Source reference. This page preserves the original long-form markdown content that previously lived at docs/query-execution-pipeline.md. For the shorter curated page, see ETL Pipelines.

Query Execution Pipeline

This document describes how CSharpDB processes a SQL query from text to results. It is intended for contributors and advanced users who want to understand how the engine makes planning decisions.


Pipeline Overview

SQL Text
                  │
                  ▼
                ┌──────────────┐
                │  Tokenizer   │  CSharpDB.Sql/Tokenizer.cs
                └──────┬───────┘
                       │ Token stream
                       ▼
                ┌──────────────┐
                │   Parser     │  CSharpDB.Sql/Parser.cs
                └──────┬───────┘
                       │ Abstract Syntax Tree (AST)
                       ▼
                ┌──────────────┐
                │Query Planner │  CSharpDB.Execution/QueryPlanner.cs
                │              │  CSharpDB.Execution/CardinalityEstimator.cs
                └──────┬───────┘
                       │ Physical operator tree
                       ▼
                ┌──────────────┐
                │  Execution   │  CSharpDB.Execution/Operators.cs
                └──────┬───────┘
                       │ Row-at-a-time or batched iteration
                       ▼
                   Query Result
                

1. Tokenization

The tokenizer (Tokenizer.cs) performs a single pass over the SQL string, producing a stream of Token(TokenType, string value, int position) objects.

  • 120+ token types covering keywords, literals, operators, identifiers, and punctuation
  • Case-insensitive keyword matching via dictionary lookup
  • Handles SQL comments (-- ...), string escaping (''), and parameter tokens (@name)
  • Classifies numeric literals as IntegerLiteral or RealLiteral

2. Parsing

The parser (Parser.cs) is a recursive-descent parser that consumes tokens and builds a typed AST.

AST Node Categories

Statements — top-level SQL commands:

  • DDL: CreateTableStatement, AlterTableStatement, DropTableStatement, CreateIndexStatement, DropIndexStatement, CreateViewStatement, DropViewStatement, CreateTriggerStatement, DropTriggerStatement, AnalyzeStatement
  • DML: InsertStatement, UpdateStatement, DeleteStatement
  • Query: SelectStatement, CompoundSelectStatement (set operations), WithStatement (CTEs)

Table references:

  • SimpleTableRef(TableName, Alias) — single table or view
  • JoinTableRef(Left, Right, JoinType, Condition) — binary join tree

Expressions:

  • LiteralExpression, ParameterExpression, ColumnRefExpression
  • BinaryExpression — arithmetic, comparison, logical operators
  • UnaryExpressionNOT, unary minus
  • FunctionCallExpression — aggregates and scalar functions
  • LikeExpression, InExpression, BetweenExpression, IsNullExpression
  • ScalarSubqueryExpression, InSubqueryExpression, ExistsExpression
  • CollateExpression

Parser Fast Paths

The parser detects common query shapes and produces lightweight metadata instead of a full AST, skipping unnecessary allocation:

Fast Path Pattern Detected Benefit
Simple SELECT Single table, simple WHERE Skips full AST construction
Primary key lookup SELECT ... WHERE pk = value Direct lookup metadata
Simple INSERT INSERT INTO ... VALUES (...) Lightweight insert path

3. Query Planning

The QueryPlanner dispatches statements to type-specific handlers.
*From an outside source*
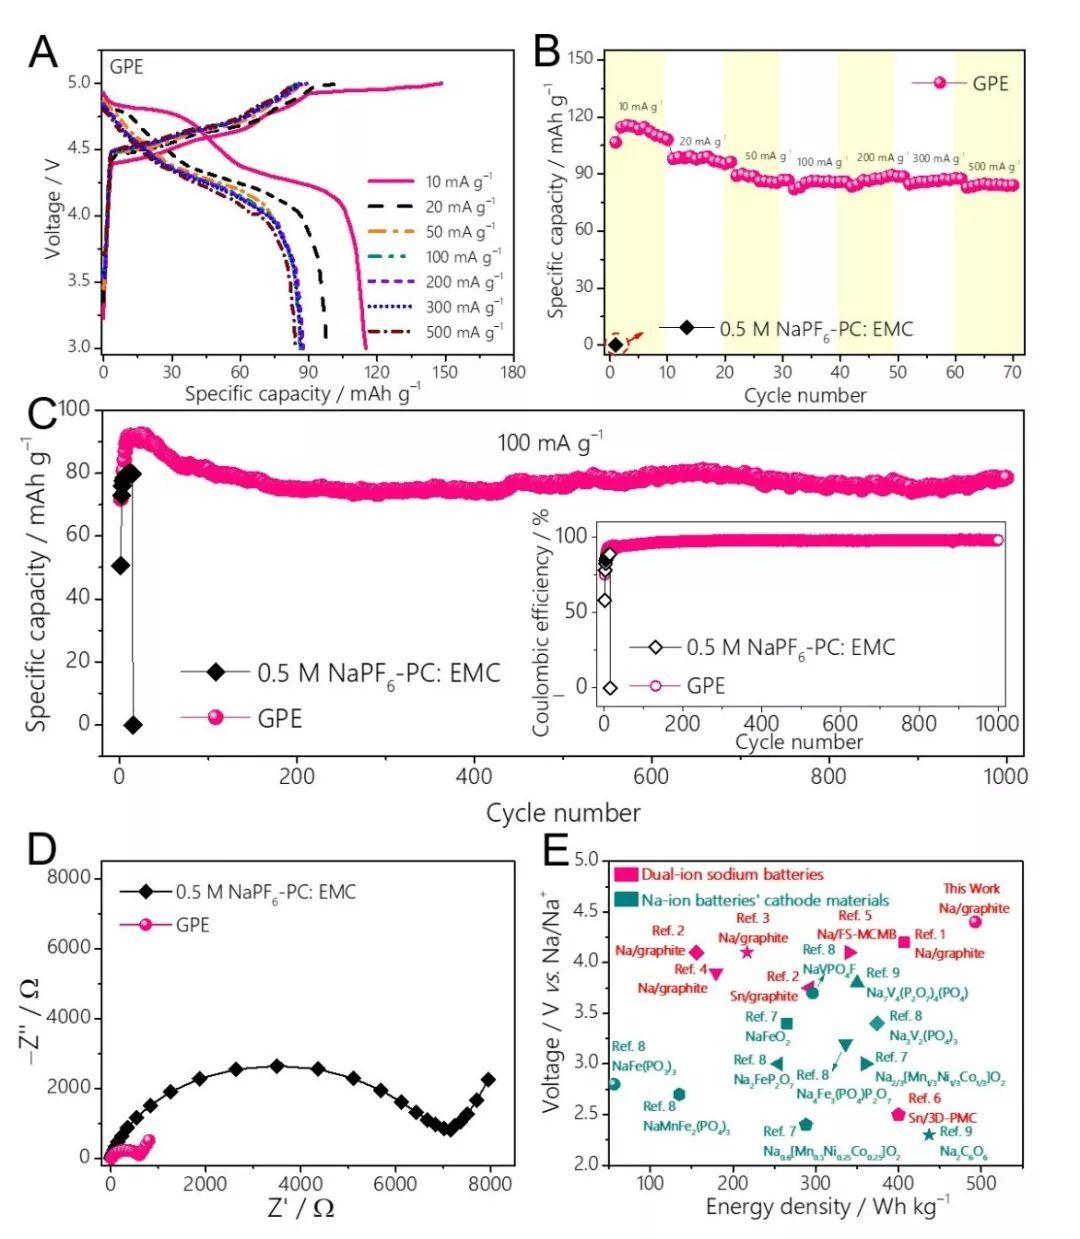 悉尼科技大学汪国秀、清华大学李宝华团队Chem:  适用于低成本储能的准固态双离子钠金属电池

For SELECT queries, it classifies the query into a SelectPlanKind to choose an execution strategy:

Plan Kind Description
FastPrimaryKeyLookup Direct integer PK lookup — fastest path
FastIndexedLookup Equality lookup via index
FastSimpleTableScan Full scan with basic filtering
SimpleCountStar COUNT(*) using cached row count (no scan)
SimpleScalarAggregateColumn Single aggregate on a column
SimpleGroupedIndexAggregate GROUP BY on indexed column (streaming)
General Full operator tree for complex queries

Plan classifications are cached (up to 1024 entries) so repeated queries skip re-analysis.

Cardinality Estimation

When ANALYZE has been run on a table, the CardinalityEstimator uses collected statistics to estimate result sizes and guide operator selection.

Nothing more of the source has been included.